Session: Parallel session 9 - Complex mixtures - polymers - microplastics

First characterisation of the Mycobacterium tuberculosis orphan CYP135B1 identified as a new target of the antituberculosis drug SQ109

The emergence of the multidrug-resistant tuberculosis strains has generated a need for new effective antituberculosis (anti-TB) drugs and the characterisation of novel drug targets. As such, Mycobacterium tuberculosis (Mtb) P450s are considered as promising novel therapeutic targets. Therefore, we combined bioinformatic and modeling studies, biochemistry, UV-visible and EPR spectroscopy, and mass spectrometry to successfully express, purify and characterise the most prevalent Mtb P450, the orphan CYP135B1. Purified CYP135B1 displays typical spectroscopic features for members of this hemoprotein superfamily with tight binding of several imidazole derivatives with its FeIII-heme.

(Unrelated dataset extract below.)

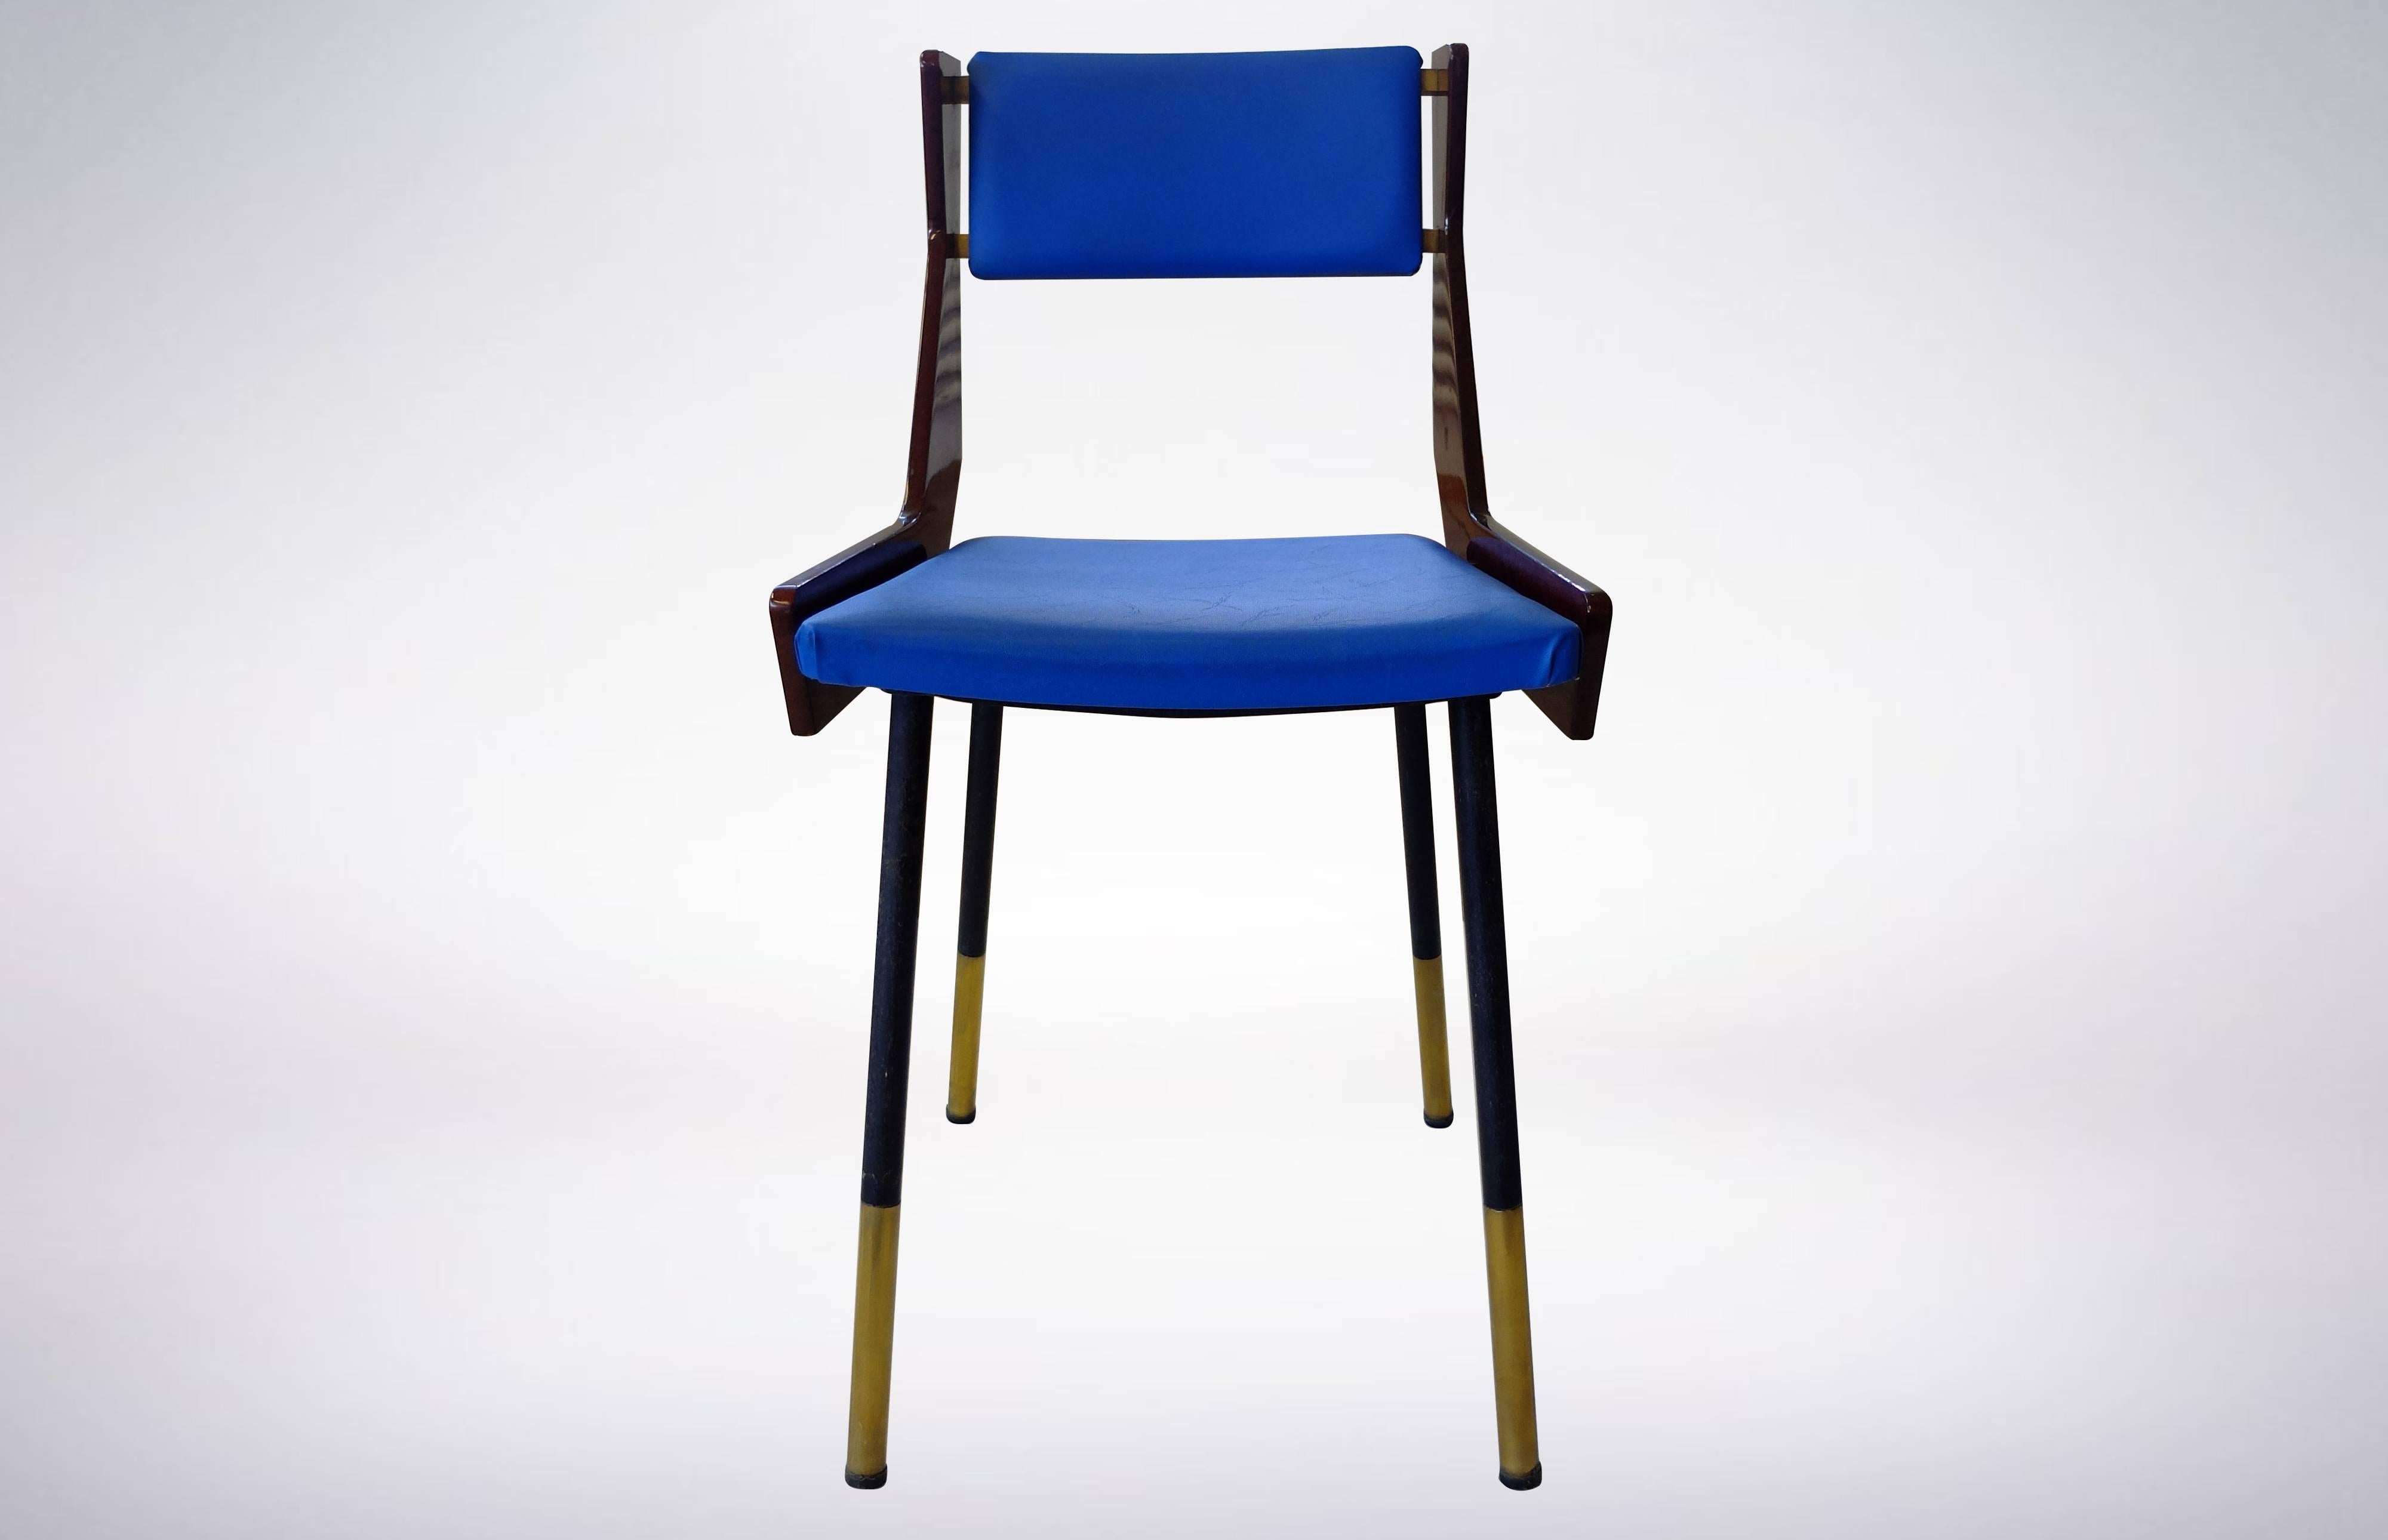 Rare exemplars of six chairs created by Gianfranco Frattini in the 1950s, upholstered in lush blue leather, with elegant brass details on the sides.
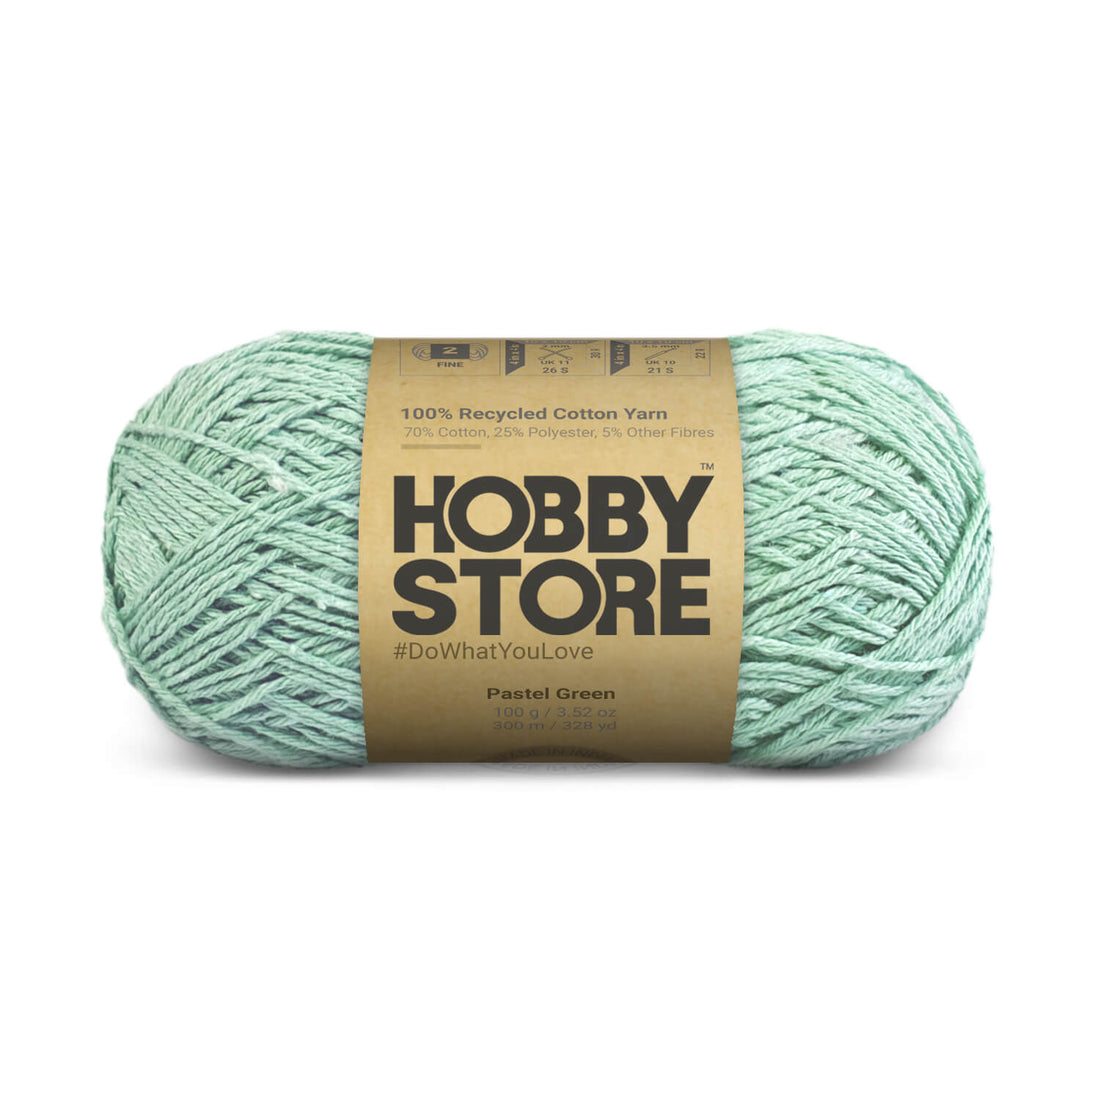 Recycled Cotton Yarn by Hobby Store - Pastel Green 8424

Very interestingly, CYP135B1 metabolises the new promising anti-TB drug SQ109 on its geranyl moiety with insertion of an O-atom at positions distinct from that observed in the case of Mtb CYP124A1. Docking studies using our CYP135B1 3D-homology model suggest that these differences might be due to a different binding mode of SQ109 at the active site compared to that observed in the CYP124-SQ109 co-crystal structure (PDB code: 6T0J). These results are of great importance to decipher the SQ109 mechanism of action and understand the role of Mtb P450s.